ENGIE

Samy Engelstein: «Tout le monde se met en ordre de marche»

Interview La production d’énergie solaire photovoltaïque progresse en France, mais part de très loin et ne représente aujourd’hui que 2 % du total

Propos recueillis par Alexis Moreau

— 

Un champ de panneaux solaires.
Un champ de panneaux solaires. — Getty Images

2 % de l’énergie produite dans le monde en 2018, selon l'Agence internationale de l'énergie. Voilà ce que représente l’énergie solaire, générée par l’intermédiaire de panneaux photovoltaïques.

Samy Engelstein.

C’est d’ailleurs à cette deuxième catégorie, celle des panneaux solaires, que nous allons nous intéresser. Samy Engelstein, responsable solaire photovoltaïque au Syndicat des énergies renouvelables fait le point avec nous sur la situation de la France dans ce domaine.

Aujourd’hui, que représente l’électricité solaire dans la production française ?

Sa part est assez modeste, environ 2 %. Une accélération s’est faite avec les installations à partir de 2006. Les tarifs d’achat très incitatifs ont attiré beaucoup de nouveaux acteurs mais ont entraîné la création d’une bulle. Pour y mettre fin le gouvernement Fillon a décrété un moratoire fin 2010, qui a mis un coup d’arrêt à la filière et laissé beaucoup de professionnels sur le carreau. Pour faire simple, le nombre d’emplois dans la filière a été divisé par cinq. Ça reste un souvenir douloureux pour ceux encore présents. Ensuite la filière a redémarré timidement, de telle sorte que nous n’avons pas encore atteint les niveaux de puissance raccordée annuelle de 2011.

La France produisait plus d’énergie solaire en 2011 qu’aujourd’hui ?

Non, disons qu’en 2011 on était à 1,7 gigawatt raccordé par an (ce qui désigne les installations dont le contrat de raccordement est entré en vigueur dans l’année et qui peuvent donc être mises en service). Aujourd’hui c’est moins de 0,9 (862 mégawatts pour être précis).

Quels sont les objectifs de la France ?

La Programmation pluriannuelle de l’énergie PPE (publiée par le ministère de la Transition écologique et solidaire) prévoit pour 2023 de raccorder, sur l’ensemble du territoire, entre 18,2 et 20,2 GW de photovoltaïque. Actuellement nous en avons un peu plus de 9. Donc ça risque d’être assez difficile sachant qu’une révision des objectifs de la PPE est en cours.
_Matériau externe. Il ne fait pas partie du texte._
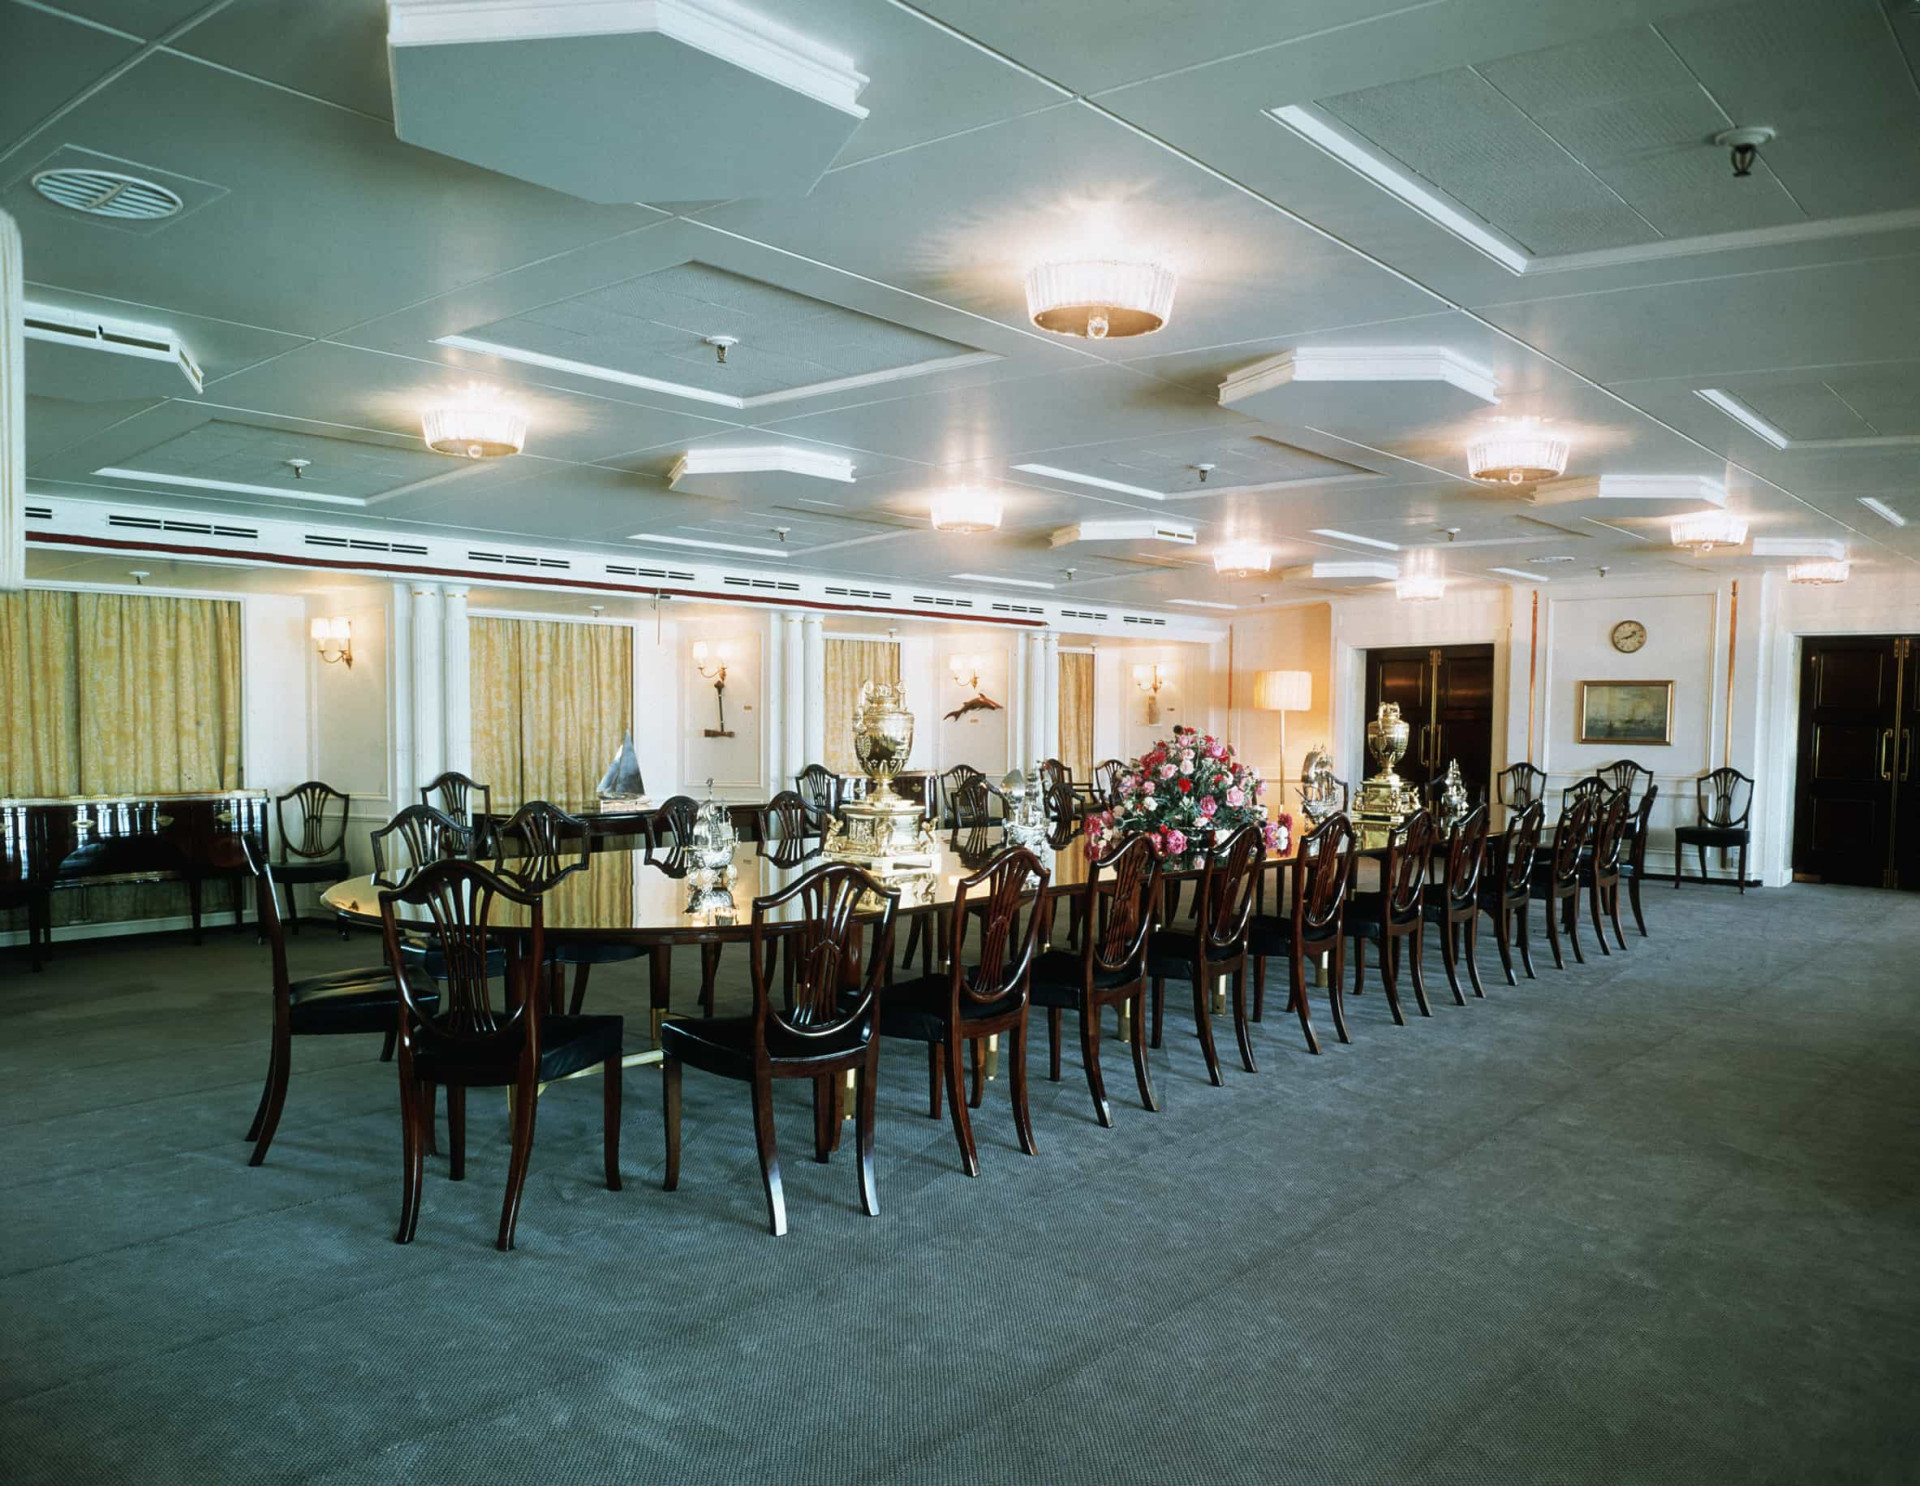 <p>The Reagan's dined in <em>Britannia</em>'s grand dining room (pictured), which could host up to 56 guests. The dining room was set within the ship's royal apartments and included a lounge, drawing room, and guest bedrooms.</p><p>You may also like:<a href="https://www.starsinsider.com/n/394229?utm_source=msn.com&utm_medium=display&utm_campaign=referral_description&utm_content=474709v3en-ph"> All the ways Leonardo DiCaprio spends his millions</a></p>

Le futur cap serait entre 35,6 et 44,5 gigawatts raccordés en 2028. Cela va nécessiter d’aller plus vite, de pouvoir déposer plus d’installations et monter des panneaux sur bâtiment plus rapidement, car il va falloir mettre les bouchées doubles pour y arriver.

Est-il atteignable ? Cela paraît énorme.

Oui, cela paraît énorme, mais beaucoup d’entreprises sont en train d’embaucher. La dynamique est assez favorable et permet d’envisager cette hausse, de manière sereine c’est un peu présomptueux, mais au moins de manière optimiste. Tout le monde se met en ordre de marche. Surtout, il faut savoir qu’une centaine de projets (des centrales photovoltaïques au sol et sur plusieurs hectares) produisent en réalité deux tiers du volume, donc c’est gérable. Ce qui aurait été compliqué, c’est d’atteindre les niveaux souhaités uniquement avec des installations chez les particuliers.

D’ailleurs, ces centrales occupent-elles beaucoup de place ? C’est une crainte fréquemment formulée.

C’est assez modeste à l’échelle du territoire. Grosso modo, si on dit qu’il faut 1 à 2 hectares par mégawatt, les installations au sol prévues pour atteindre les objectifs 2028 provisoires de la PPE représenteront 30.000 à 50.000hectares. Rapportés aux 55 millions que compte la France, c’est peu.

Nous avons évoqué la situation actuelle, parlons un peu du futur. Si la France arrive à atteindre ses objectifs, que pèsera le photovoltaïque dans le mix énergétique français ?

Quelque chose comme 10 % à l’horizon 2030.